今回は戦い詰めになりそうな気がせんでもないでもないです。
下火になった夕日に向かって瓦礫の間を進んでゆくと、やがてワノンちゃんがパーティー会場を見つけました。おじさんは船と呼んでいましたが、双眼鏡に映るのは七色にライトアップされた大きな庭付きの宮殿です。ところどころに昇る黒い煙の影だけが、事件の匂いを風に乗せ、私たちに伝えてきます。

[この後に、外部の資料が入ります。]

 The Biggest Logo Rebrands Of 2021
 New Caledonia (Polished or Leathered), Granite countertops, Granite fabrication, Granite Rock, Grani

「お城です! 虹色のお城が動いてます! あんなきれいなお城で旅をして、毎晩舞踏会だなんて、おとぎ話みたいですね!」
船の中に向かって叫ぶと、ベルイーヌさんが相槌を打ってくれました。
「大当たりですよ、ユニスちゃん! 旅行会社のキャッチコピーが、まさにそんな感じです! ナパパホテルグループの所有する世界最大の超豪華客船、ナパパパレス。今回のイベント用に貸切らせてもらいました」
なんだかベルイーヌさんも乗り気になってきたみたいで、何よりです。私たちがホテルの話をしていると、下からフィンカちゃんが口を挟みました。
「聞いたか、ルイエ。貸し切りのバーゲン会場だってよ。ユニス、接舷できそうなところを探してくれ!」
フィンカちゃんはオムライス号をナパパパレスに寄せ、並走を始めました。近づいた夢のお城には、大小の野良ギアが何十匹も鈴なりです。
「すごい! 野良ギア取り放題ですよ! 接舷できそうな……ありました! 左舷後方、低いところにバルコニーがあります!」
オムライス号はスピードを上げて、おしゃれなカフェの軒先にノーズから突っ込みました。白塗りのテーブルと血まみれの死体を蹴散らし、店内の野良ギアにアンカーを打ち込めば、出撃準備完了です。
「戦わずして1キルやなんて、久しぶりに幸先ええんとちゃう?」
カンガルーの死体からコアを切り出しながら、ワノンちゃんが口笛を吹き始めました。この調子でガンガン集めれば、弟たちをイヒチカの学校に通わせてあげられるかもしれません。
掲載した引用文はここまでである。